## Work instruction
Having located the line with "MUMBAI, India - El", repeat it and all remaining lines of the records exactly. Pictures do not belong in the answer.

━━ Source records

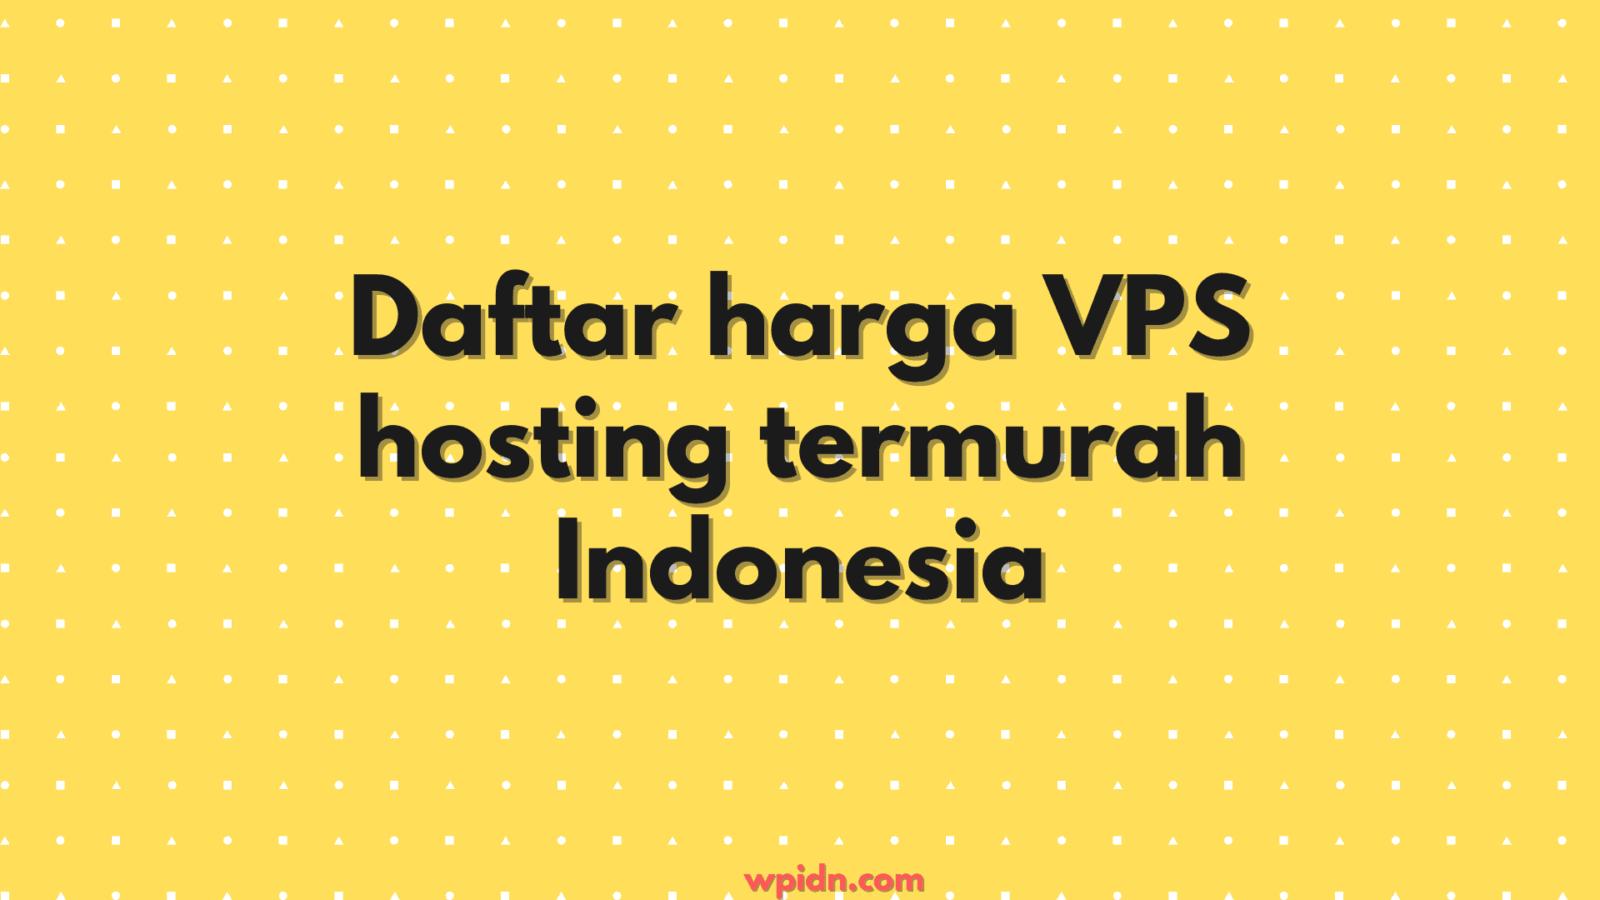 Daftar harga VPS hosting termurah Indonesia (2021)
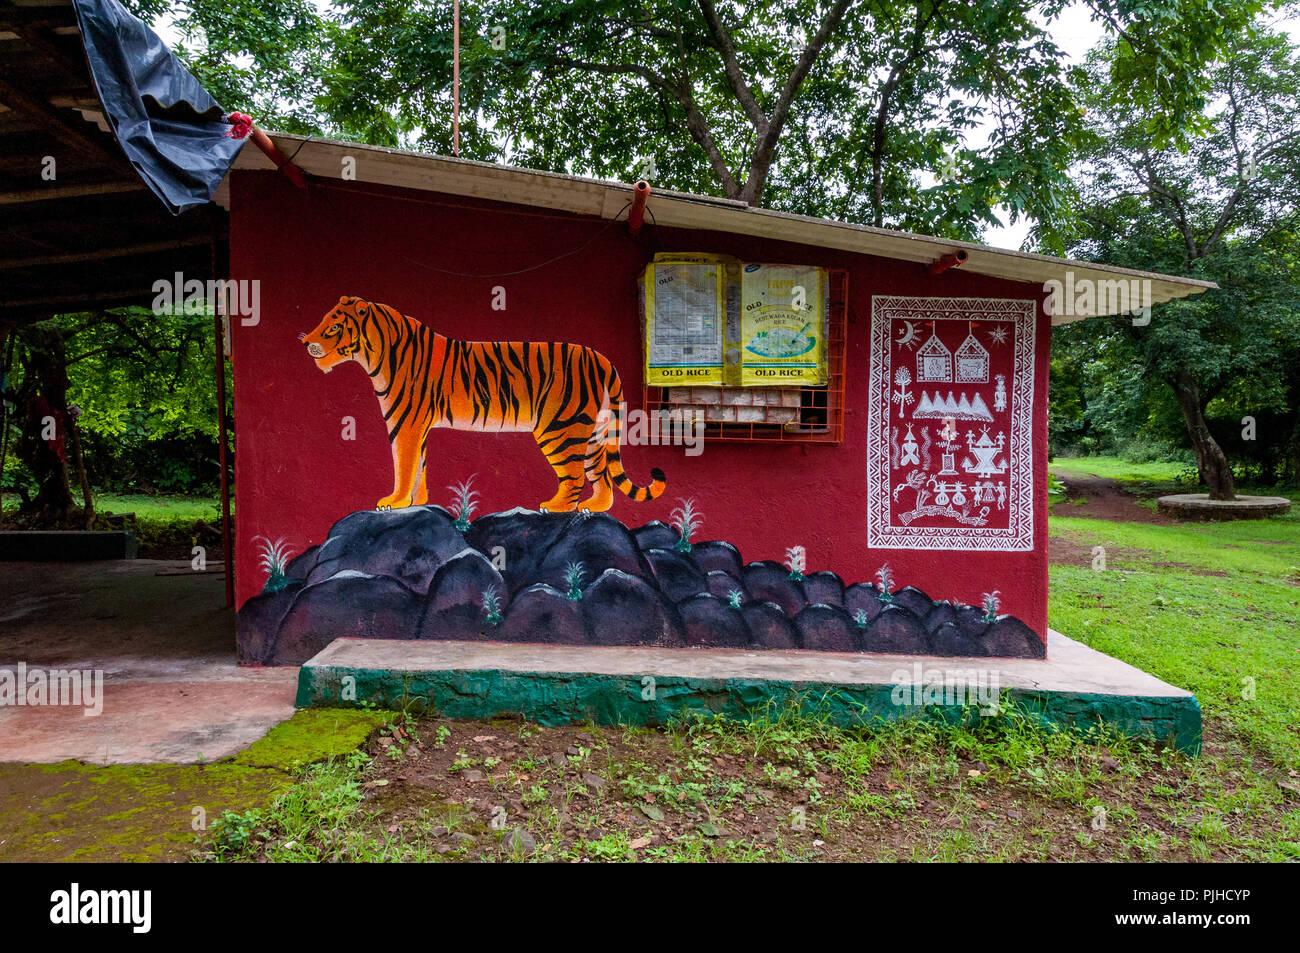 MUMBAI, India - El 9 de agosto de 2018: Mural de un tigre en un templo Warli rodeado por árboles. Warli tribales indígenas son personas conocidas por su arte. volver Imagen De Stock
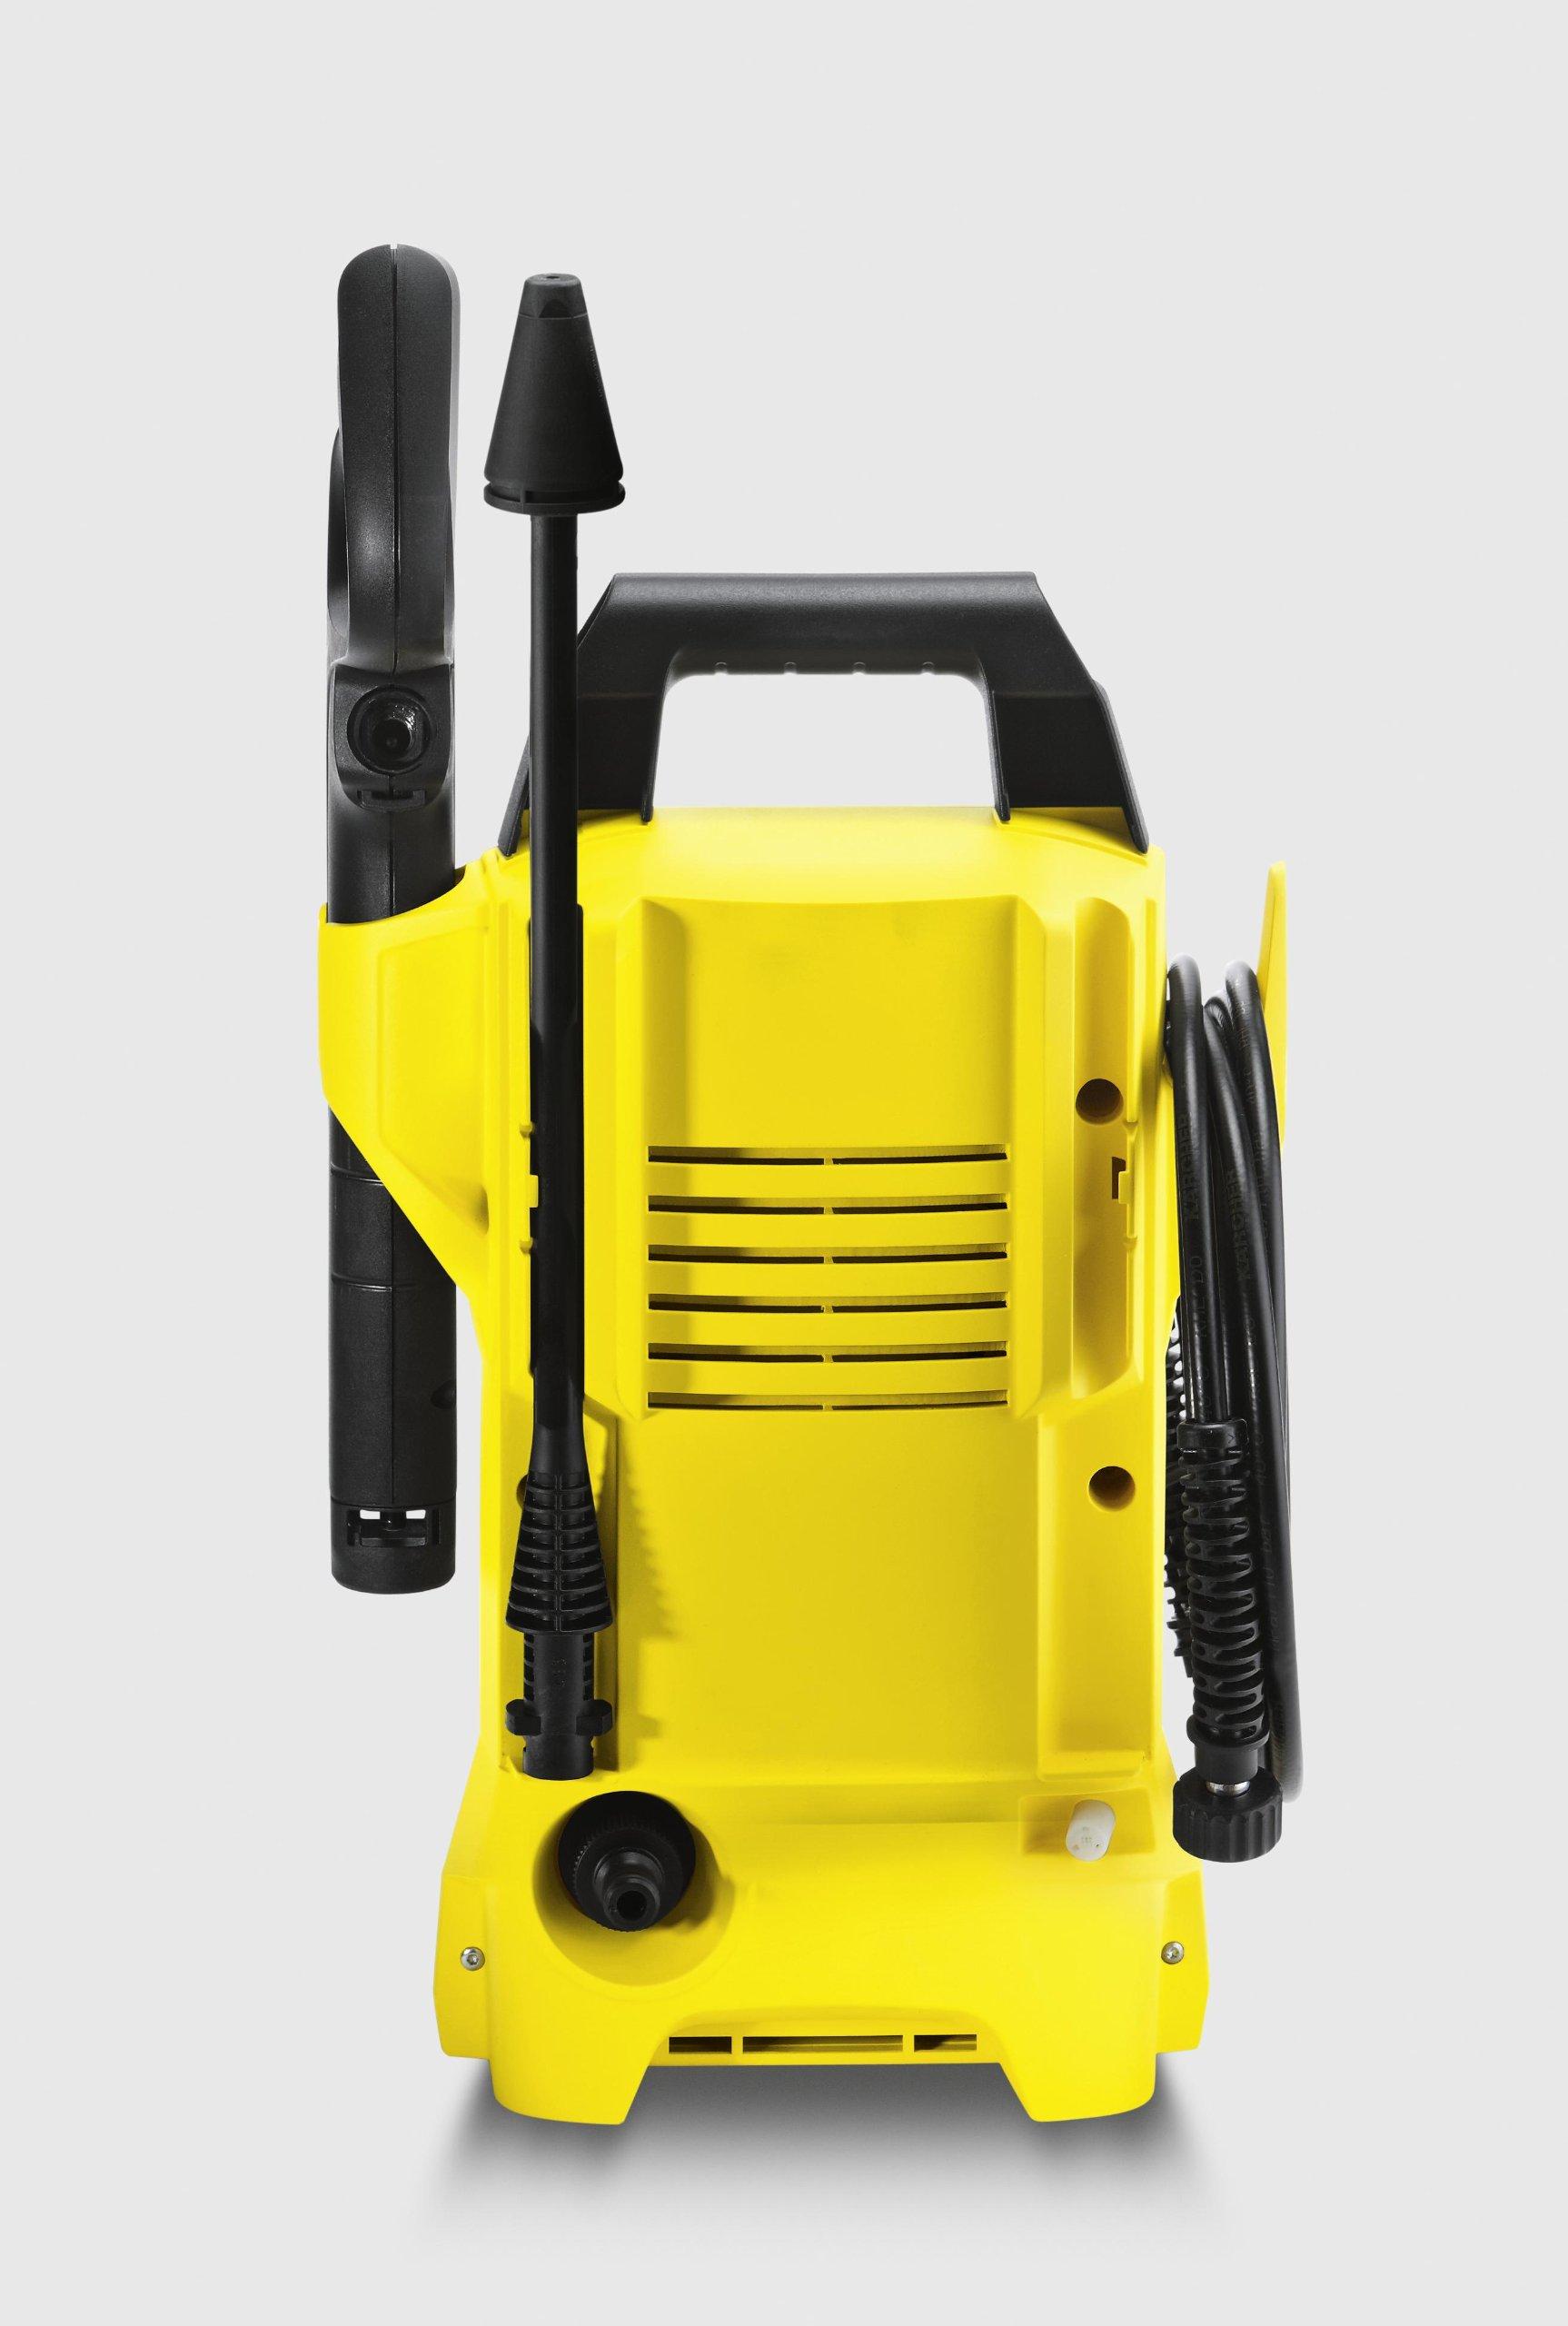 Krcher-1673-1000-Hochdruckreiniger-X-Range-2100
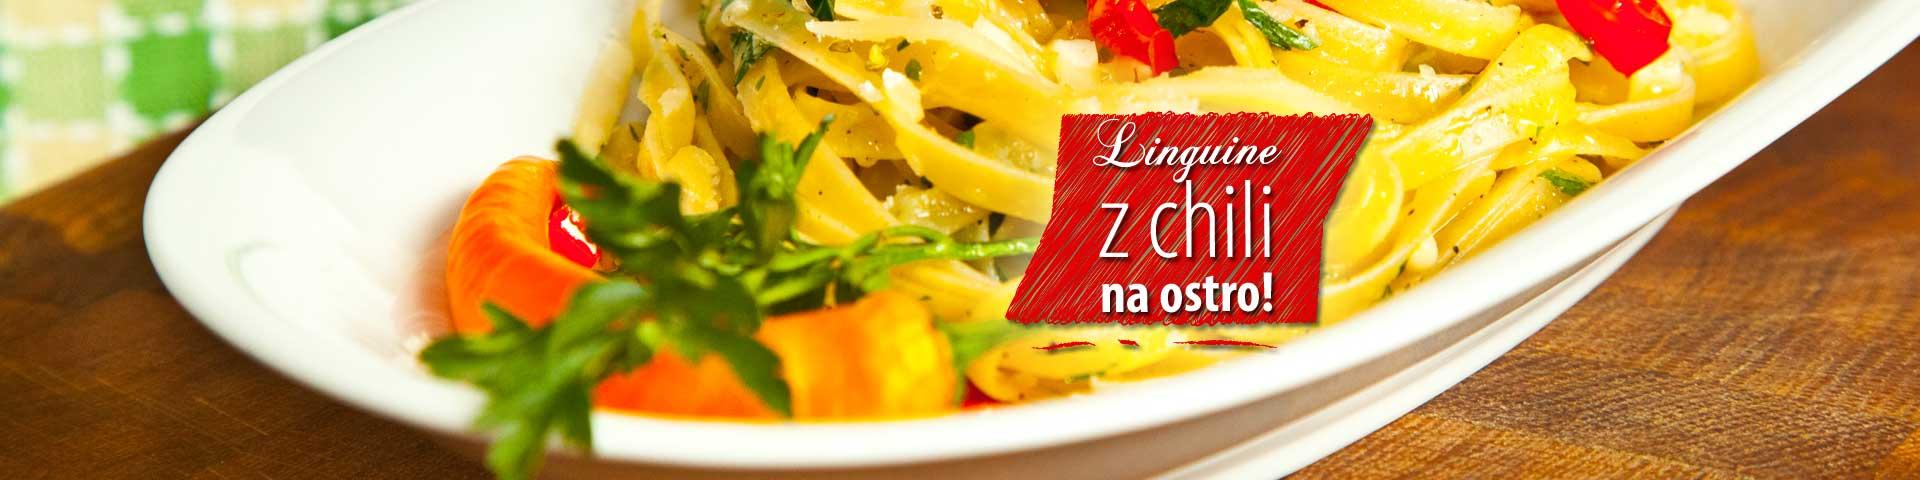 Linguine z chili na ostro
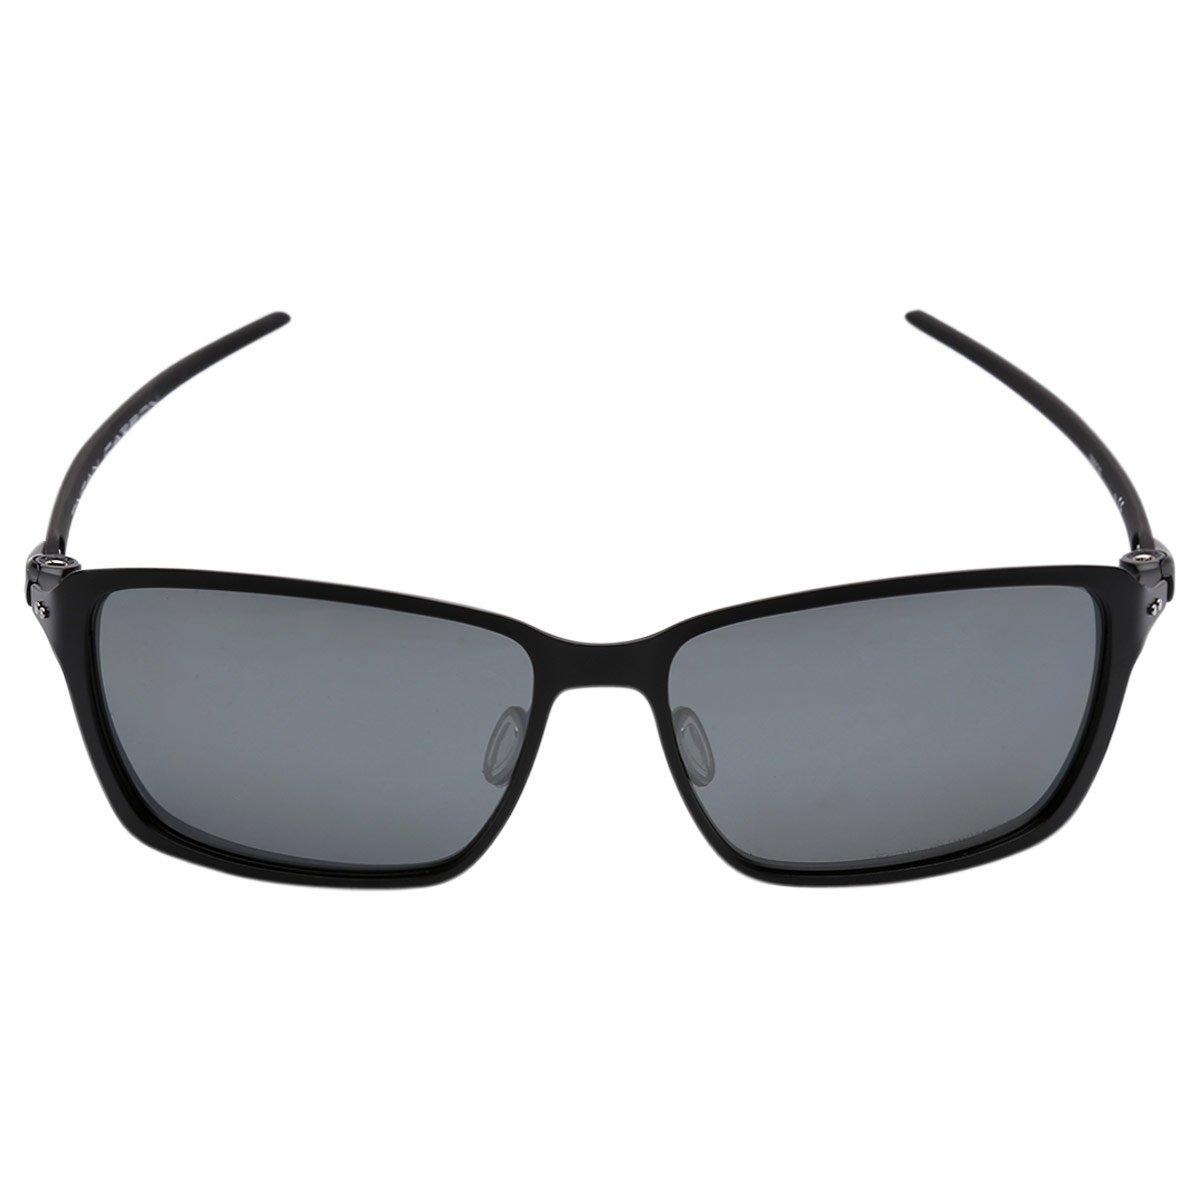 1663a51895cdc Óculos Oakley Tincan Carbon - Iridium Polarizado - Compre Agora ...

━━━━

## Exercise answer
 MUMBAI, India - El 9 de agosto de 2018: Mural de un tigre en un templo Warli rodeado por árboles. Warli tribales indígenas son personas conocidas por su arte. volver Imagen De Stock
 Krcher-1673-1000-Hochdruckreiniger-X-Range-2100
 Linguine z chili na ostro
 1663a51895cdc Óculos Oakley Tincan Carbon - Iridium Polarizado - Compre Agora ...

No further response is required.